While there are certainly some weeks with far fewer economic reports on tap, the week ahead is still on the light side when it comes to the data that has been moving markets of late.  A few of the reports (like GDP and Durable Goods, for instance) have historical street cred, but they're not in the same league as the key inflation metrics at the moment.

It was the Consumer Price Index (CPI) that served as the last major market mover in terms of economic data (Friday before last).  That instance of CPI is still important to the current theme, because it gave bonds an opportunity to more forcefully shift into a more positive stance, yet the entirety of the following week (last week) was spent moving into weaker territory.
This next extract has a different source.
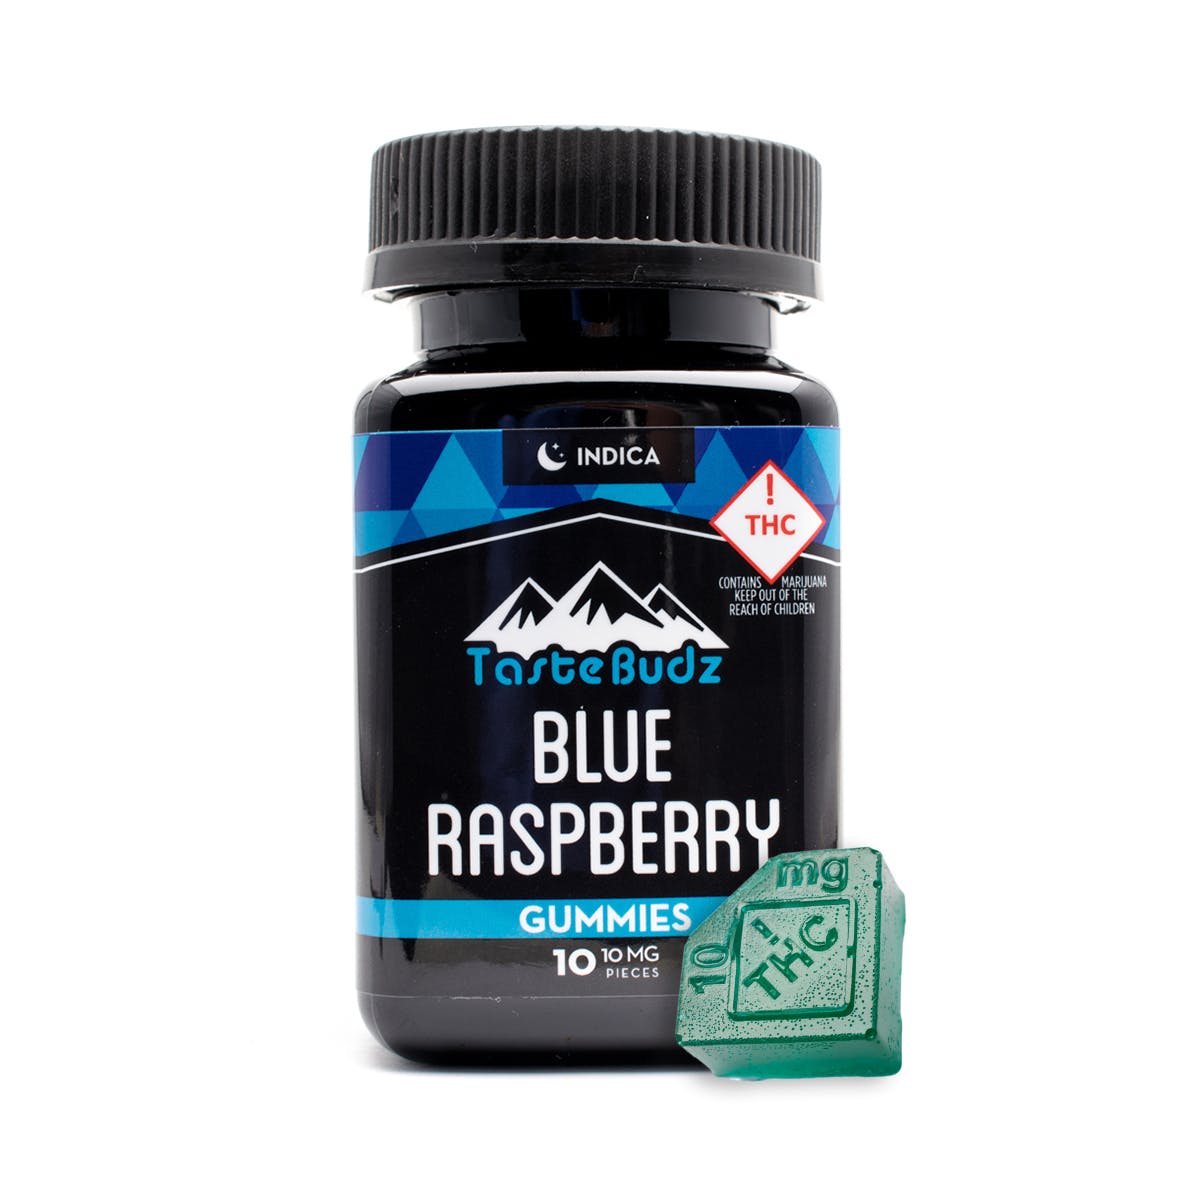 marijuana-dispensaries-oneeleven-in-moffat-indica-blue-raspberry-gummies-100mg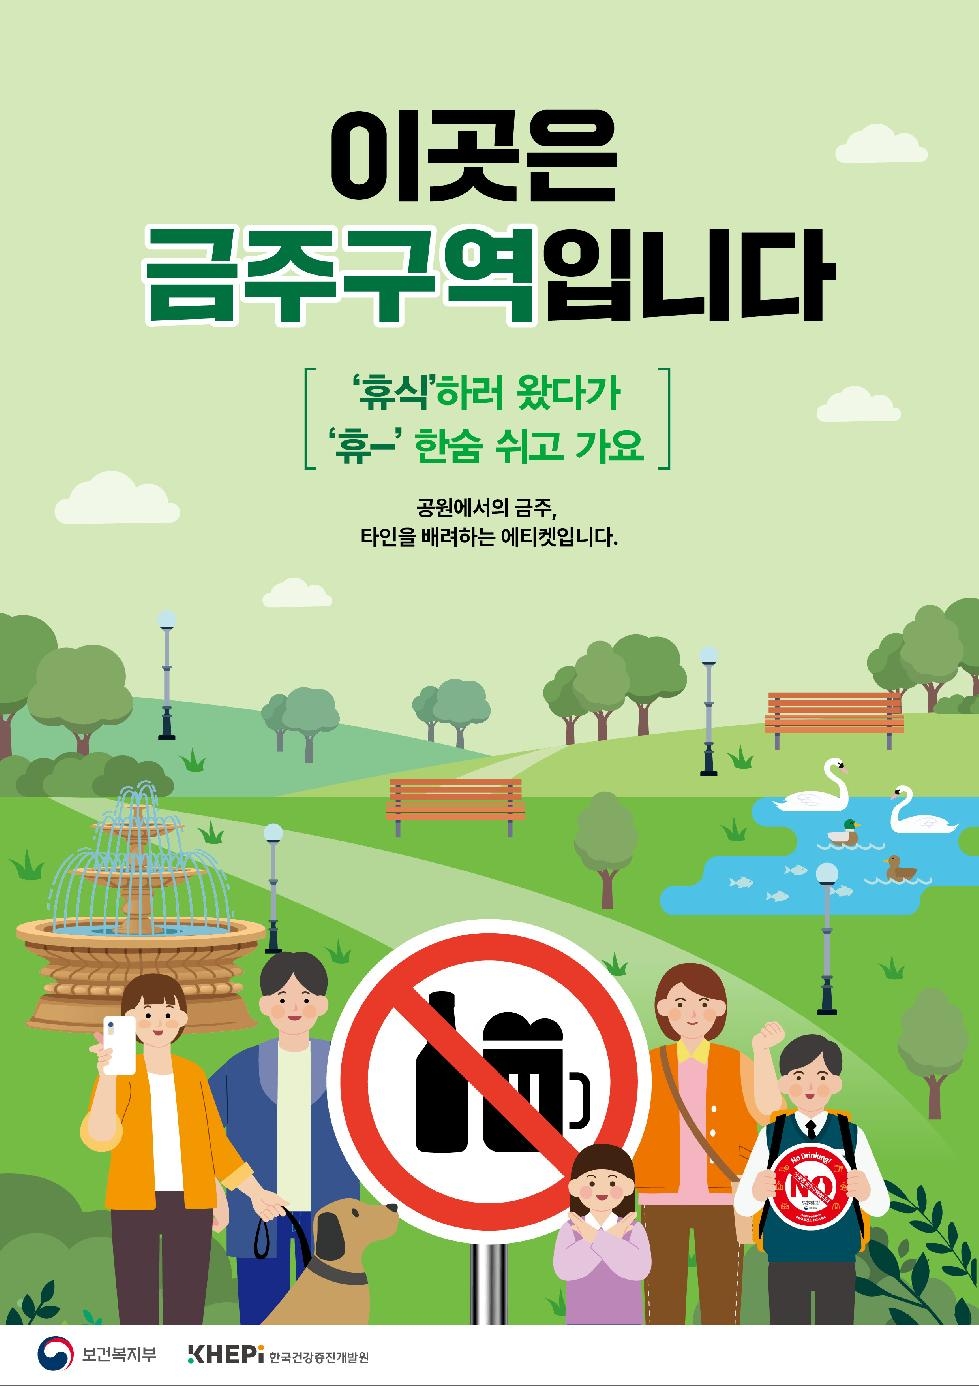 인천 동구, 건전 음주문화 조성 위한 금주구역 지정 고시

That first 4 days of last week could have been seen as a sign that bonds just weren't ready to commit to more gains and that they were taking time to consolidate before fully reversing the negative trend that lasted from early September through early October.  But this past Friday crushed those hopes.

Whether or not it was a surprise to political analysts, financial markets were clearly surprised to see the Senate pass a budget resolution paving the way for a tax reform bill that would only need 51 votes.  Bonds had their worst day in nearly 3 months, and the positive technical trends we'd been following were suddenly turned on their heads. 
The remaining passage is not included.